A figure skater weighing 70 kg begins to rotate at a frequency of 1 rps, holding his arms horizontally. At what frequency will he rotate if he raises his arms vertically? The figure skater’s body is considered to be a homogeneous cylinder with a radius of 15 cm, the arms are considered to be rods of 0.75 m and a mass of 5 kg each.

Let's imagine the skater as a homogeneous cylinder of radius $r = 15,\text{cm}$ and mass $m_1 = 70,\text{kg}$. Then the moment of inertia of his body relative to the vertical axis passing through his center of mass is equal to:

$$I_1 = \frac{1}{2}m_1r^2 = 0.07875 ,\text{кг}\cdot\text{м}^2$$

When a skater holds his arms horizontally, his moment of inertia increases due to the moments of inertia of the arms.
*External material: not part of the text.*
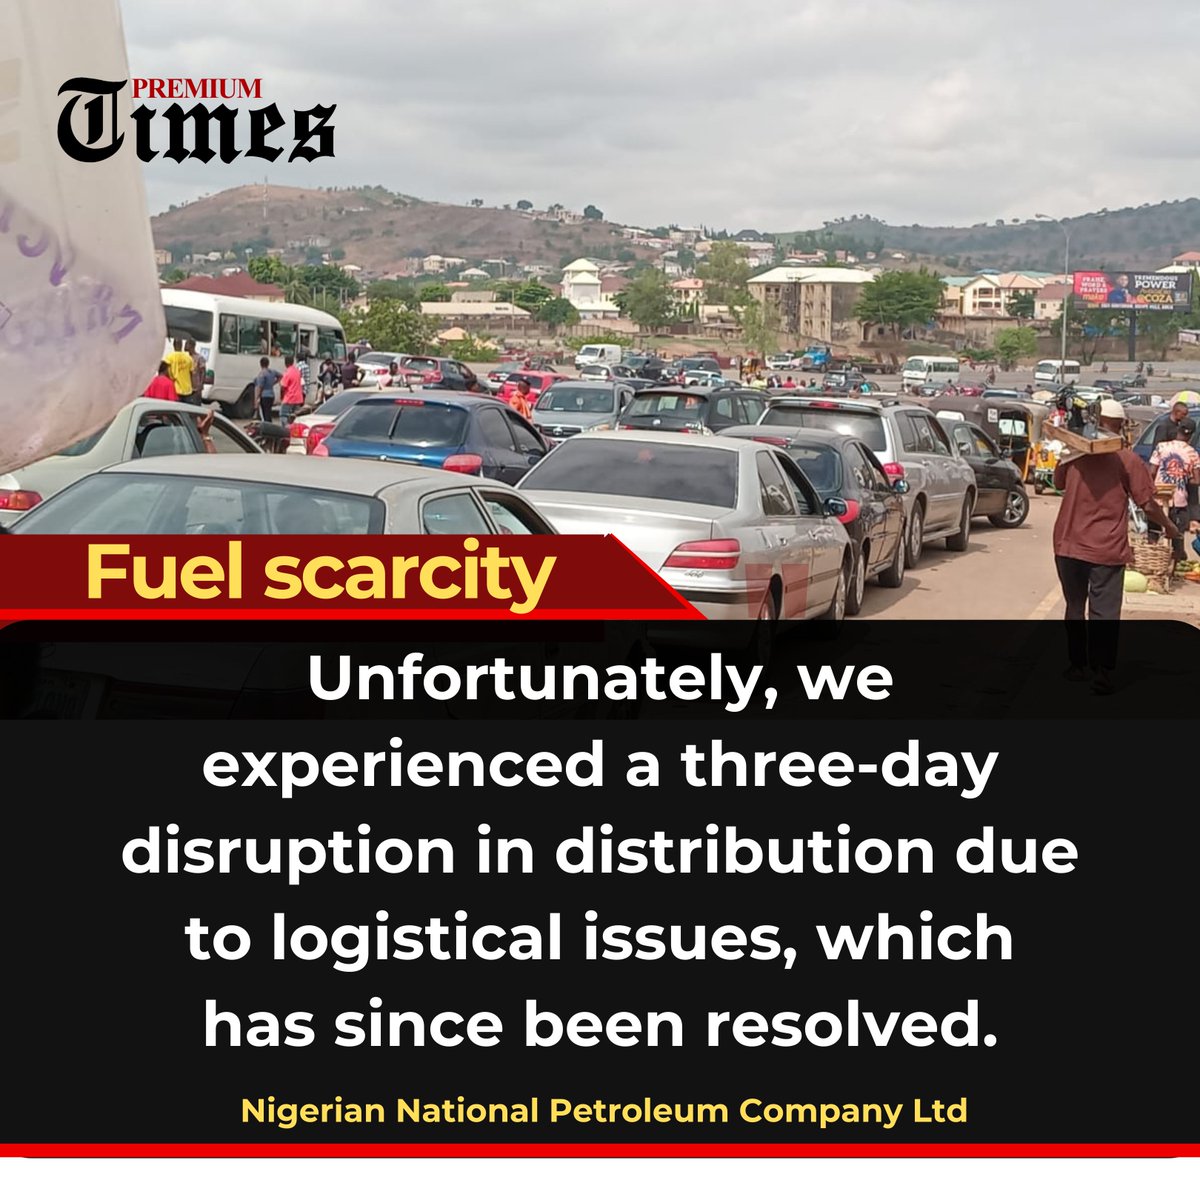 Fuel queues will be cleared by Wednesday across Nigeria – NNPCL snip.ng/kmtTk

The moment of inertia of each arm, considering it a thin rod, about a vertical axis passing through its end is equal to:

$$I_2 = \frac{1}{3}m_2l^2 = 0.703125 ,\text{кг}\cdot\text{м}^2$$

where $m_2 = 5 ,\text{kg}$ is the mass of each arm, and $l = 0.75 ,\text{m}$ is the length of each arm.

Thus, the moment of inertia of the system of the skater and his arms, when he holds them horizontally, is equal to:

$$I_0 = I_1 + 2I_2 = 1.484 ,\text{кг}\cdot\text{м}^2$$

When a skater raises his arms vertically, his moment of inertia decreases. The moment of inertia of each arm about a vertical axis passing through its center of mass is:

$$I_3 = \frac{1}{12}m_2l^2 + \frac{1}{4}m_2r^2 = 0.134766 ,\text{кг}\cdot\text{м}^2$$

Thus, the moment of inertia of the skater’s system and his arms when he raises them vertically is equal to:

$$I_4 = I_1 + 2I_3 = 0.34828 ,\text{кг}\cdot\text{м}^2$$

According to the law of conservation of angular momentum $I\omega = const$, where $\omega$ is the angular velocity of rotation, we obtain:

$$I_0\omega_0 = I_4\omega_4$$

From here you can find the desired angular velocity $\omega_4$ at which the skater will rotate while holding his arms vertically:

$$\omega_4 = \frac{I_0}{I_4}\omega_0 = \frac{1.484}{0.34828}\cdot 1 = 4.26 ,\text{об/с}$$

Thus, when a skater raises his arms vertically, his rotational speed will increase by 4.26 times.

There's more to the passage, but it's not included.